Although the above examples relate to shopping for a cell phone, the algorithm is also applicable to shopping for hotel rooms or entirely different applications such as searching traffic routes. As such, an on-line map may rank routes by predicting a congestion level, where the congestion score is a function of the time of day being queried. Accordingly, the quantity of items purchased, from the shopping example, corresponds to the time of day. As such, the congestion score is a query dependent scoring relationship. Destination and origin addresses may be used to find a list of the top-k least congested routes between two addresses. The congestion for a particular time of day may be estimated by rules such as “at 3:00 p.m., congestion level on Highway 280 in a ten mile radius around Palo Alto is high.” Further, the rules may even be inferred from past traffic data. Similar to the price of cell phones, the congestion level is not constant but is a function of the time of day and can be characterized by intervals.
In alternative embodiments, dedicated hardware implementations, such as application specific integrated circuits, programmable logic arrays and other hardware devices, can be constructed to implement one or more of the methods described herein.
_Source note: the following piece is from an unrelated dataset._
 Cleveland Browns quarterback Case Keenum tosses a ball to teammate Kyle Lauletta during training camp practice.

Applications that may include the apparatus and systems of various embodiments can broadly include a variety of electronic and computer systems. One or more embodiments described herein may implement functions using two or more specific interconnected hardware modules or devices with related control and data signals that can be communicated between and through the modules, or as portions of an application-specific integrated circuit. Accordingly, the present system encompasses software, firmware, and hardware implementations.
In accordance with various embodiments of the present disclosure, the methods described herein may be implemented by software programs executable by a computer system. Further, in an exemplary, non-limited embodiment, implementations can include distributed processing, component/object distributed processing, and parallel processing. Alternatively, virtual computer system processing can be constructed to implement one or more of the methods or functionality as described herein.
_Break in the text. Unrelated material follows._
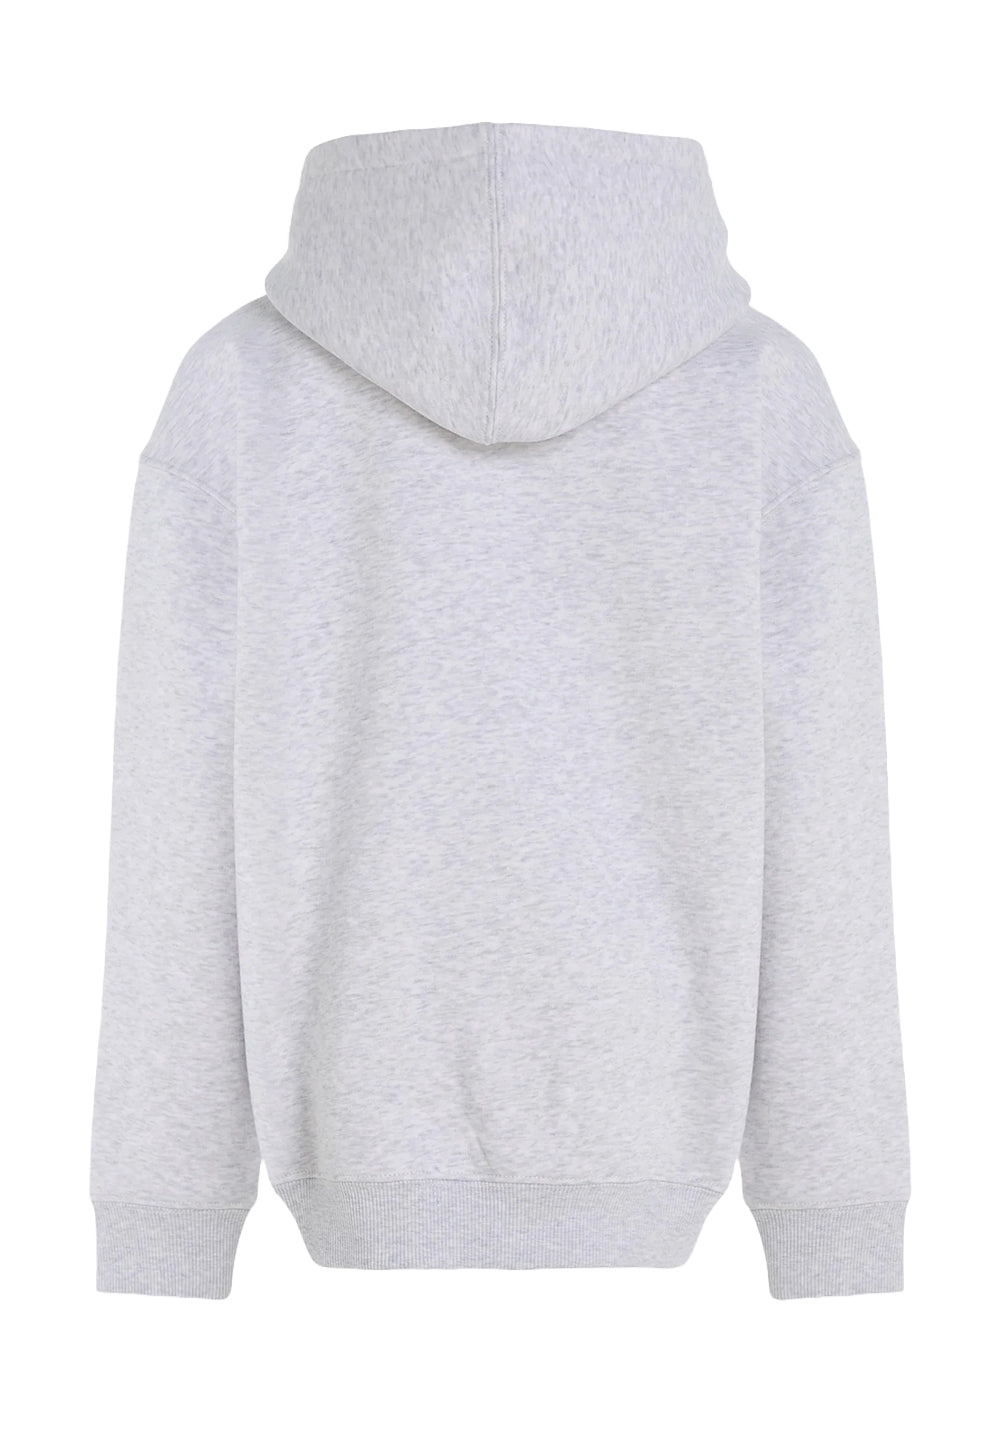 Gray hoodie for boys

Further the methods described herein may be embodied in a computer-readable medium. The term “computer-readable medium” includes a single medium or multiple media, such as a centralized or distributed database, and/or associated caches and servers that store one or more sets of instructions. The term “computer-readable medium” shall also include any medium that is capable of storing, encoding or carrying a set of instructions for execution by a processor or that cause a computer system to perform any one or more of the methods or operations disclosed herein.
As a person skilled in the art will readily appreciate, the above description is meant as an illustration of the principles of this invention. This description is not intended to limit the scope or application of this invention in that the invention is susceptible to modification, variation and change, without departing from spirit of this invention, as defined in the following claims.